EASTHAMPTON — A group of activists spent Sunday labeling the sites of reported gas leaks in the city to draw attention to what they consider to be environmental and public safety concerns.

In Massachusetts, gas companies are required to report the sites of gas leaks annually. In 2018, 17 unrepaired leaks were reported in Easthampton.

“They do it at the end of the year,” said Connie Dawson, of Easthampton, who helped organize the event. 

Dawson said Columbia Gas repaired 11 Grade 1 leaks in 2018, leaks that have to be repaired immediately because they represent a safety hazard, according to information the group gleaned from the Home Energy Efficiency Team, a Cambridge-based nonprofit that focuses on energy efficiency. 

On Sunday, each of the 17 reported leaks were labeled with signs, in an event sponsored by Easthampton Climate Action and the Easthampton Democratic Committee.

Dawson expressed concern with the leaks both from a safety perspective and with the methane they leak into the environment. Dawson also said that there may be other leaks.

“It doesn’t include any leaks that may have occurred since then,” she said.

In a statement to the Gazette, Columbia Gas said that the most serious of the leaks identified at the end of 2018 in Easthampton have been repaired, or are in the process of being fixed.

“We are pleased to report that of the 17 leaks in Easthampton identified in the 2018 HEET report, 7 have been closed and 2 are currently being worked on through our infrastructure replacement program,” the company wrote. “The remaining 7 leaks are among the smallest Grade 3 leaks and are continually monitored for assessment if the condition of the leak changes.”

The statement also notes that Columbia Gas worked with other utility companies on a pilot program that monitored methane emissions from Grade 3 leaks.

“The results of that program have improved our ability to identify and prioritize leaks for repair,” the statement reads.

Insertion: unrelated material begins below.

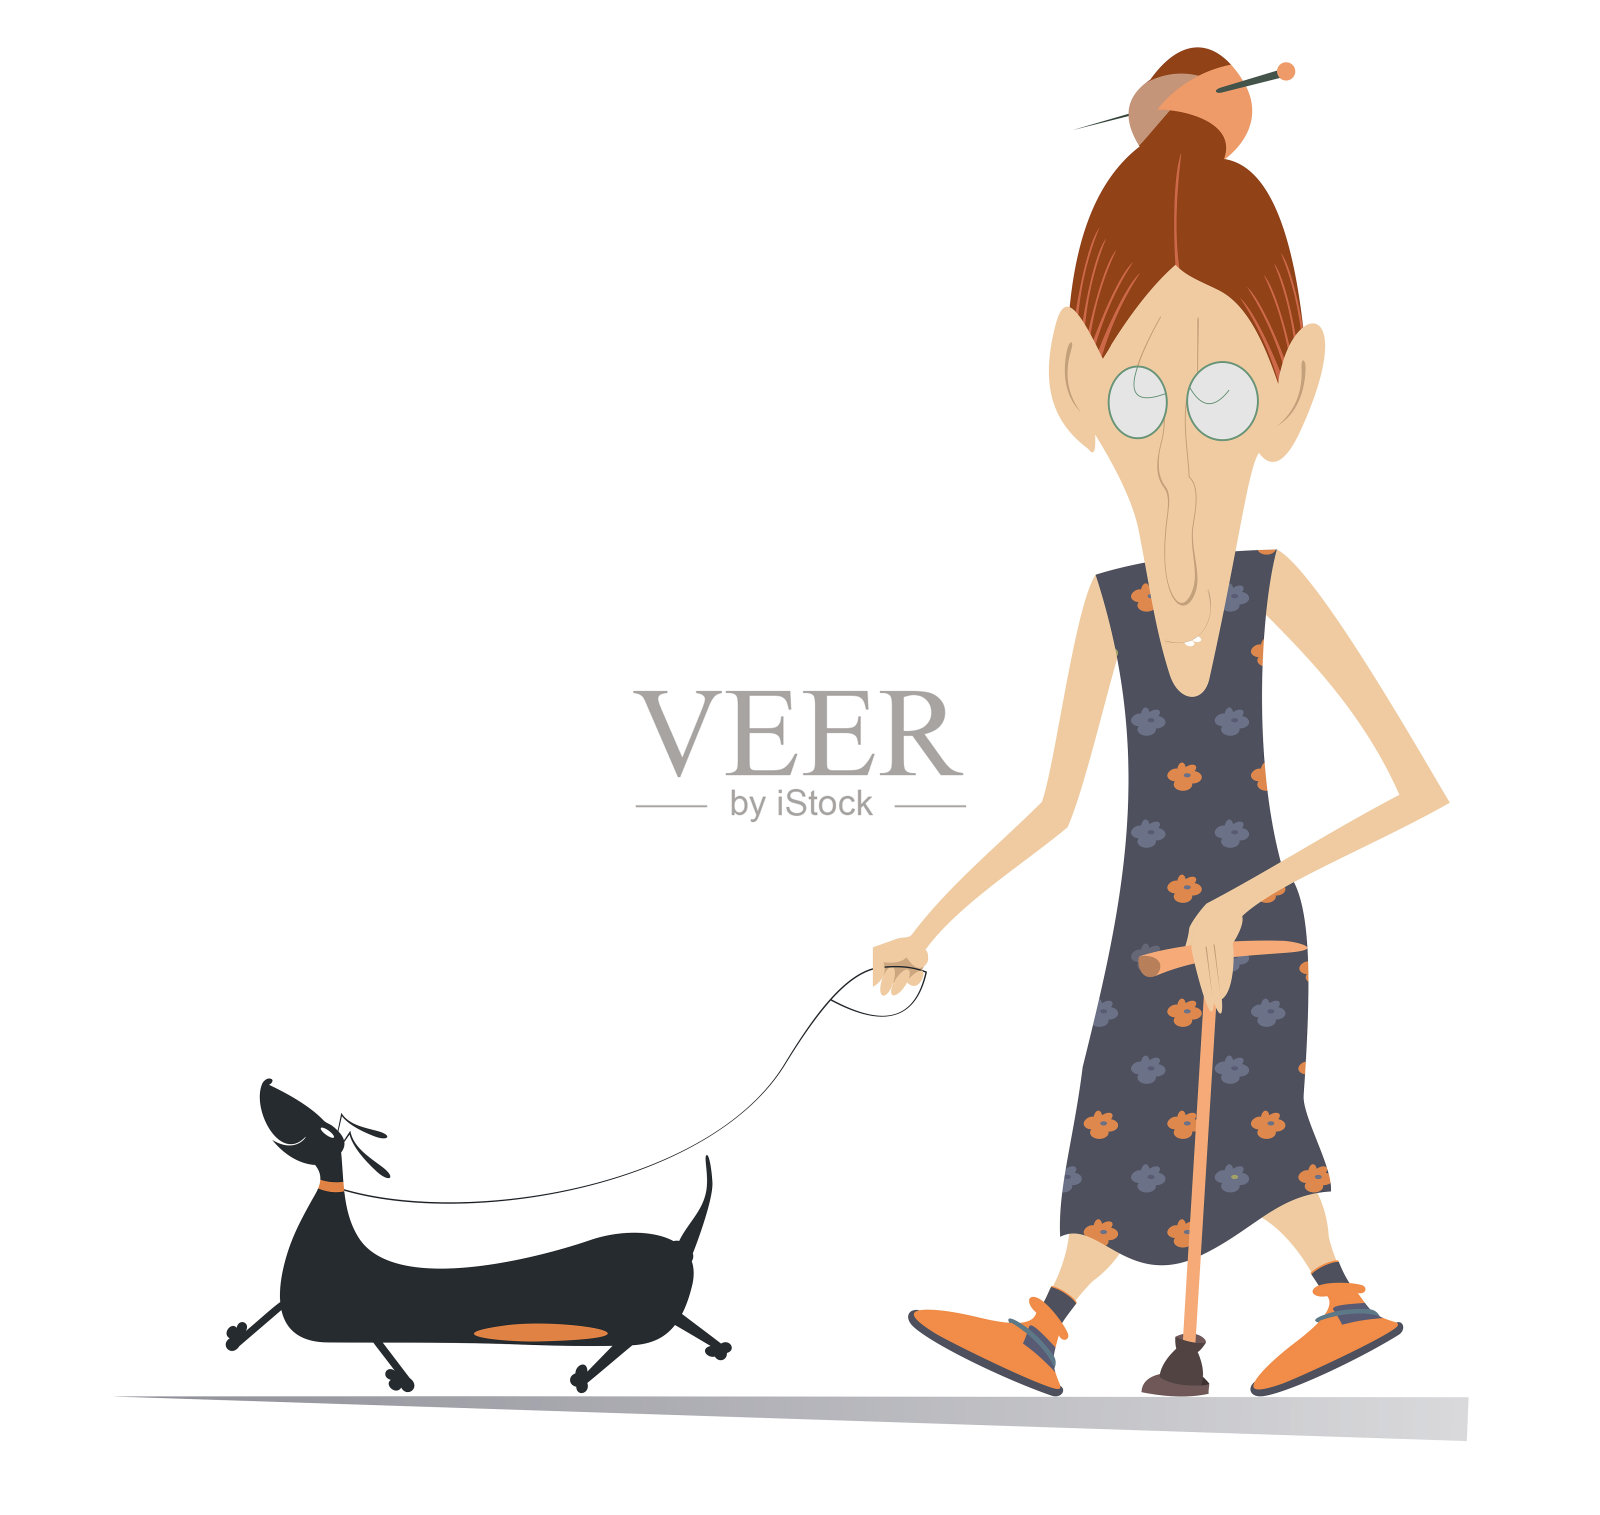 漫画中的老年妇女拄着拐杖走路，而插图中的狗被孤立了插画图片素材

Grade 3 leaks are leaks that are considered non-hazardous and “can be reasonably expected” to remain non-hazardous.

Columbia Gas also worked with environmental groups and local leaders to come up with a Department of Public Utilities regulation for repairing Grade 3 leaks that are large emitters of natural gas, according to the company. 

Dawson and fellow activist Stephen Linsky, of Easthampton, said that there needs to be better reporting on gas leaks in the state. 

“We’re in an electronic age,” Linsky said. “It should be posted immediately.”

Dawson said that the Department of Public Utilities should evaluate the leaks, determine a time frame for their repair, and see if the gas companies have repaired them.  

She also said that she would like to see gas companies focus on repairing their existing infrastructure instead of building new pipelines.